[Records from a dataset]
◆ ◆ ◆
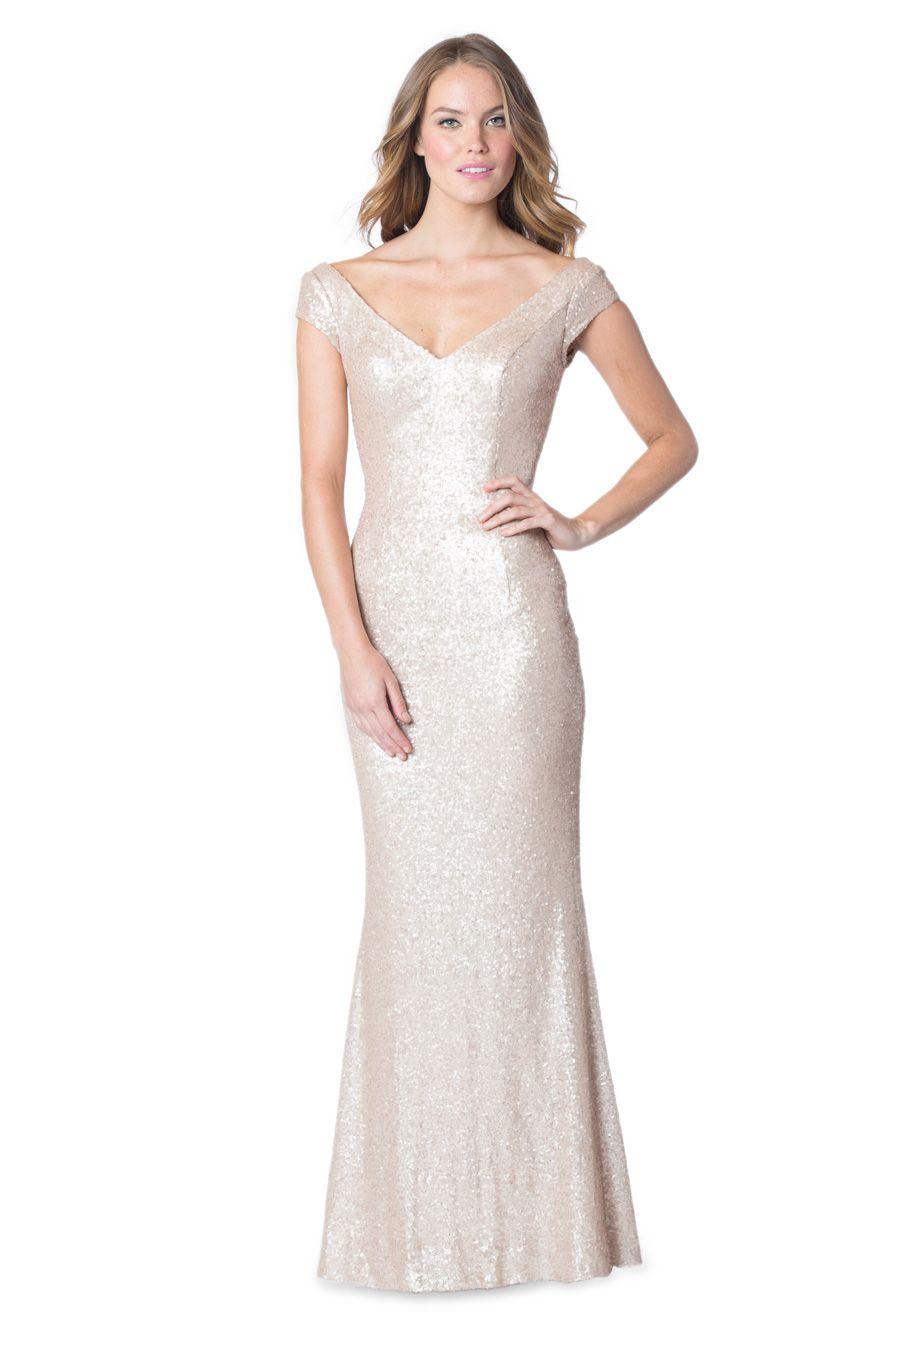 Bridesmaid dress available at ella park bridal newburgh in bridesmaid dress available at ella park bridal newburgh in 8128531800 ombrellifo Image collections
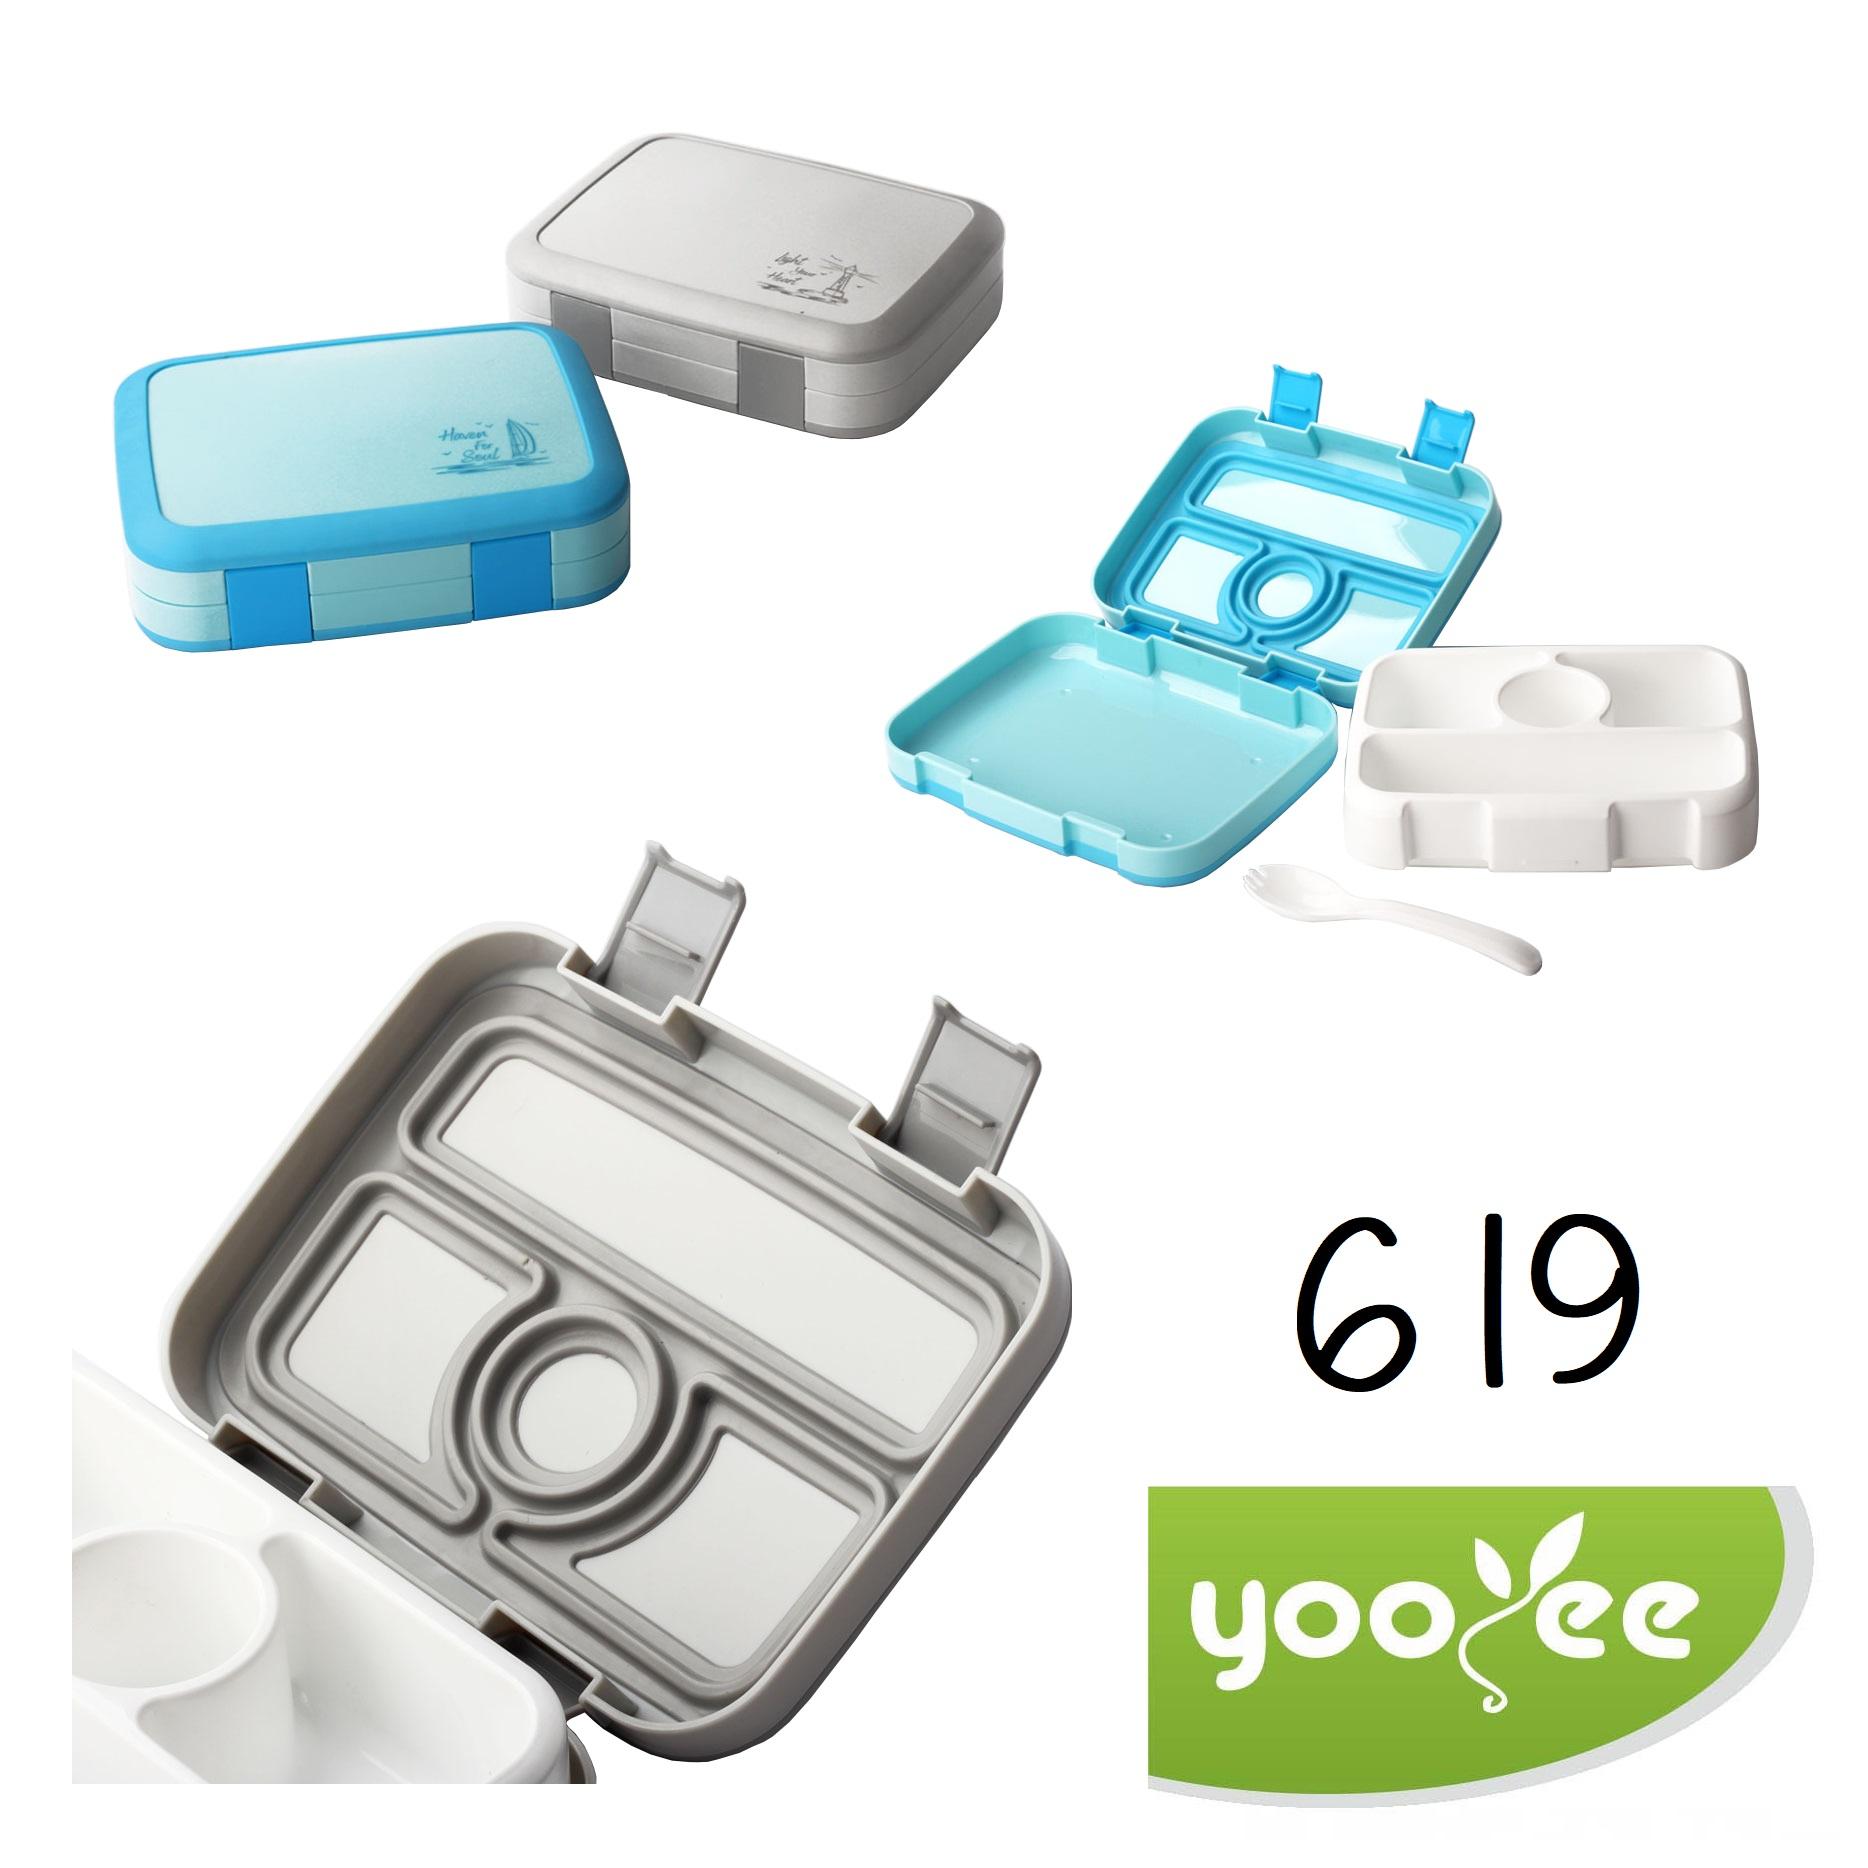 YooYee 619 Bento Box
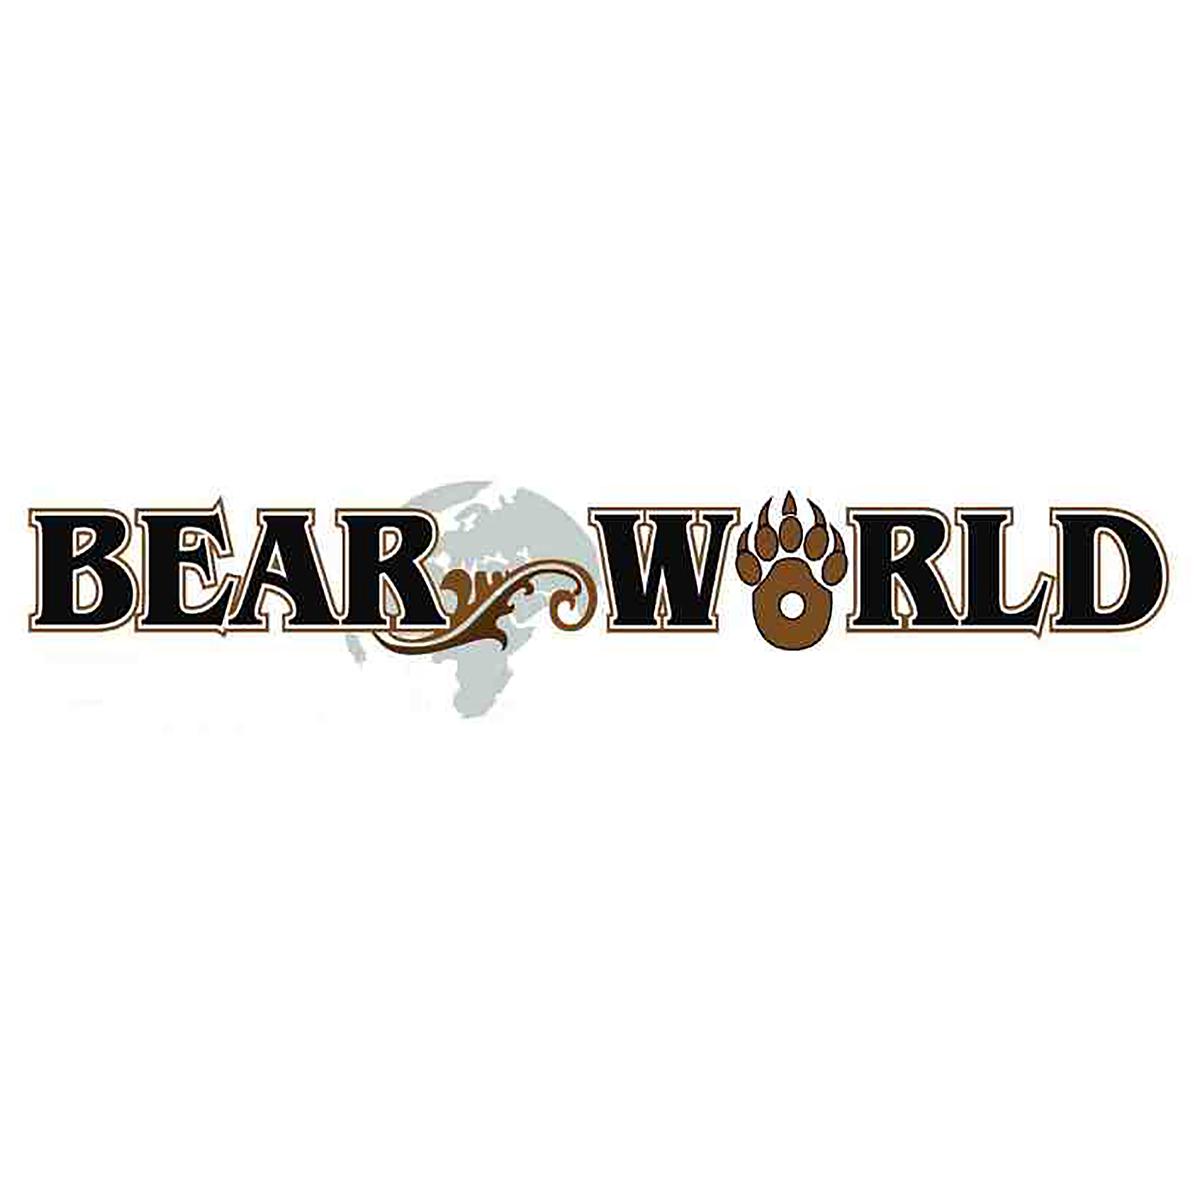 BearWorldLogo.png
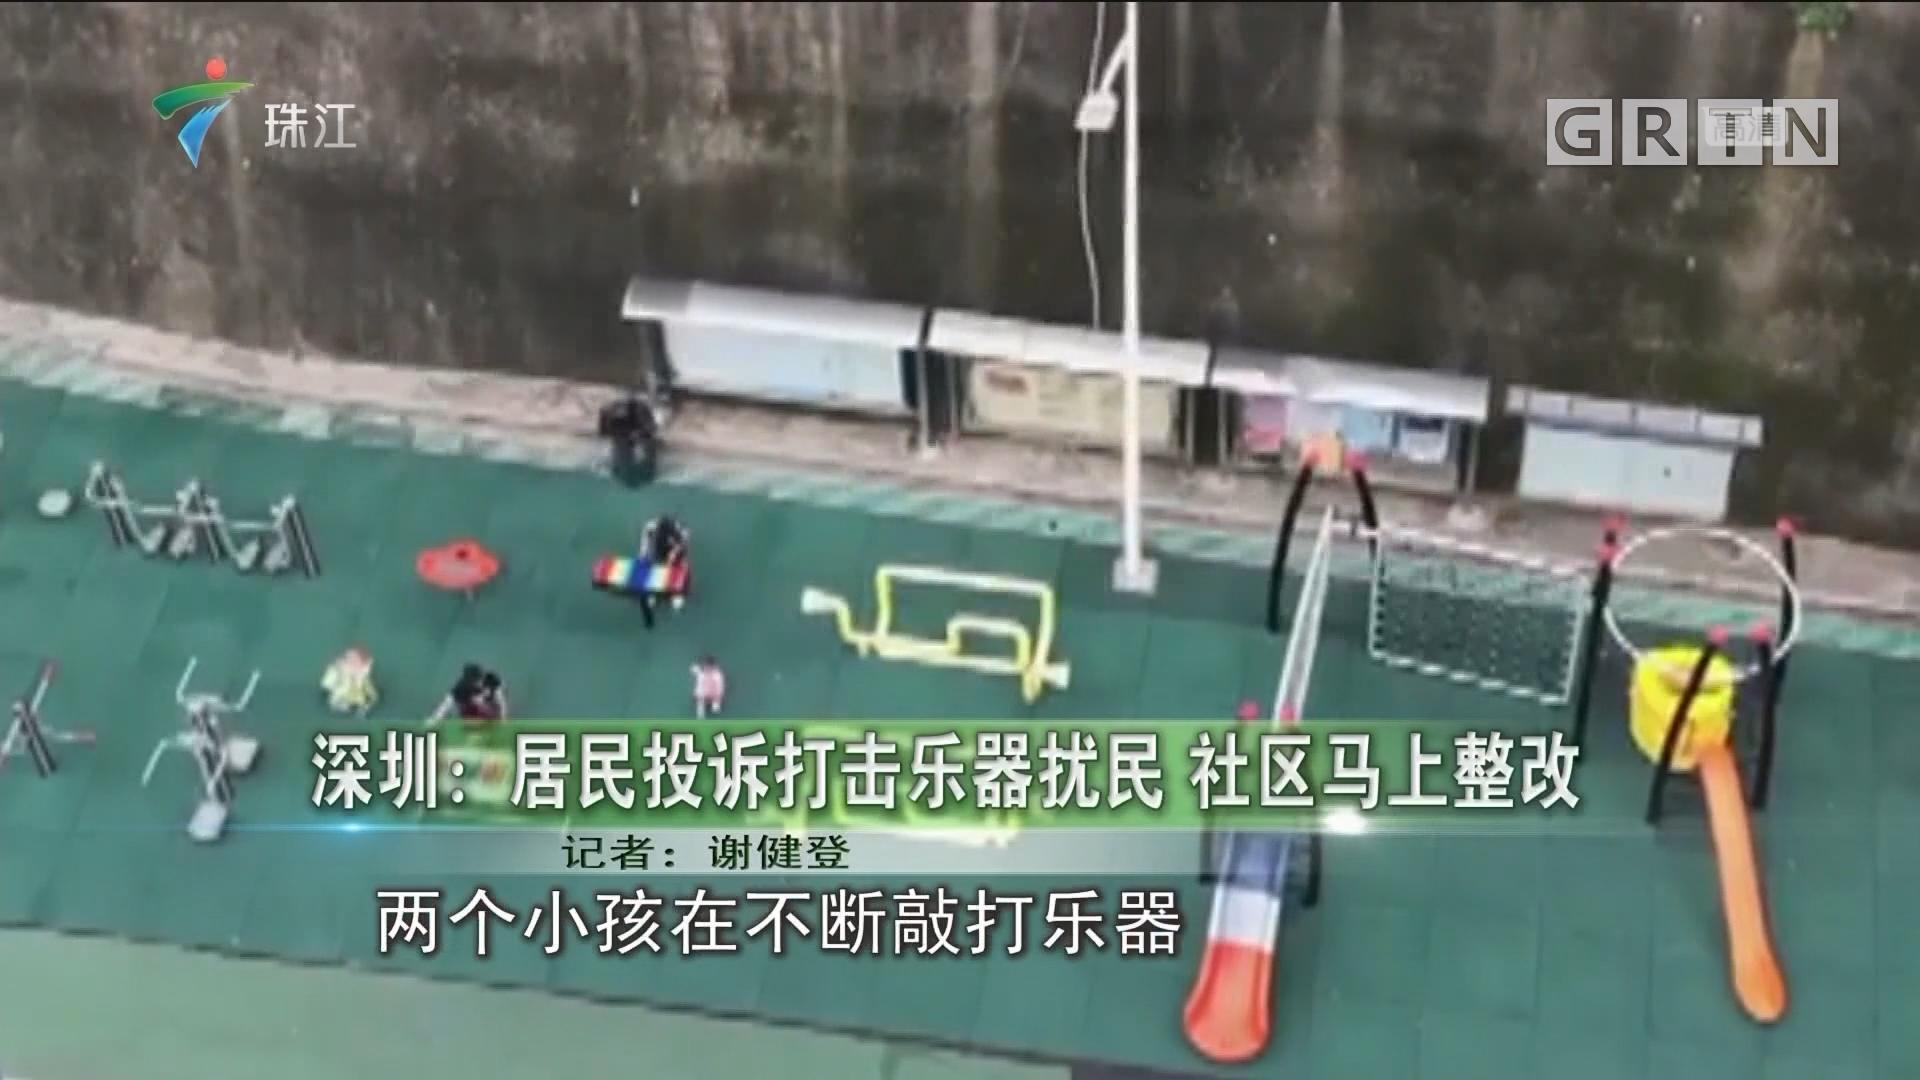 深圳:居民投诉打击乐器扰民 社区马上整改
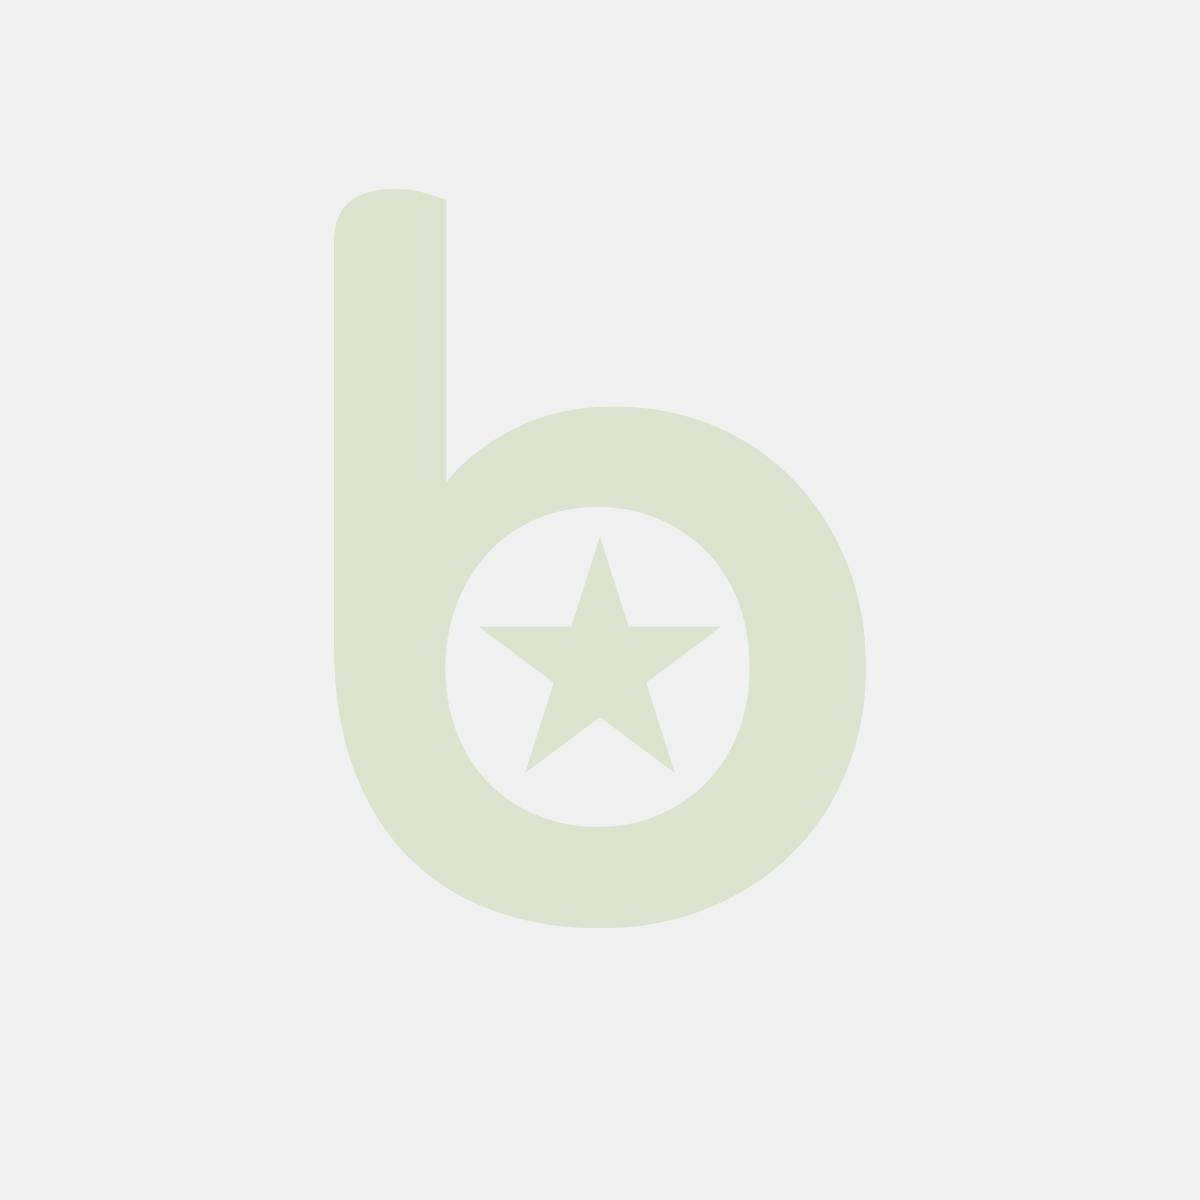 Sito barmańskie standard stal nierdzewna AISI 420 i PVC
◆ ◆ ◆
▶ Requirement
Transcribe each entry exactly; images stay out.

▶ Exercise solution
 Bridesmaid dress available at ella park bridal newburgh in bridesmaid dress available at ella park bridal newburgh in 8128531800 ombrellifo Image collections
 YooYee 619 Bento Box
 BearWorldLogo.png
 深圳:居民投诉打击乐器扰民 社区马上整改
 Sito barmańskie standard stal nierdzewna AISI 420 i PVC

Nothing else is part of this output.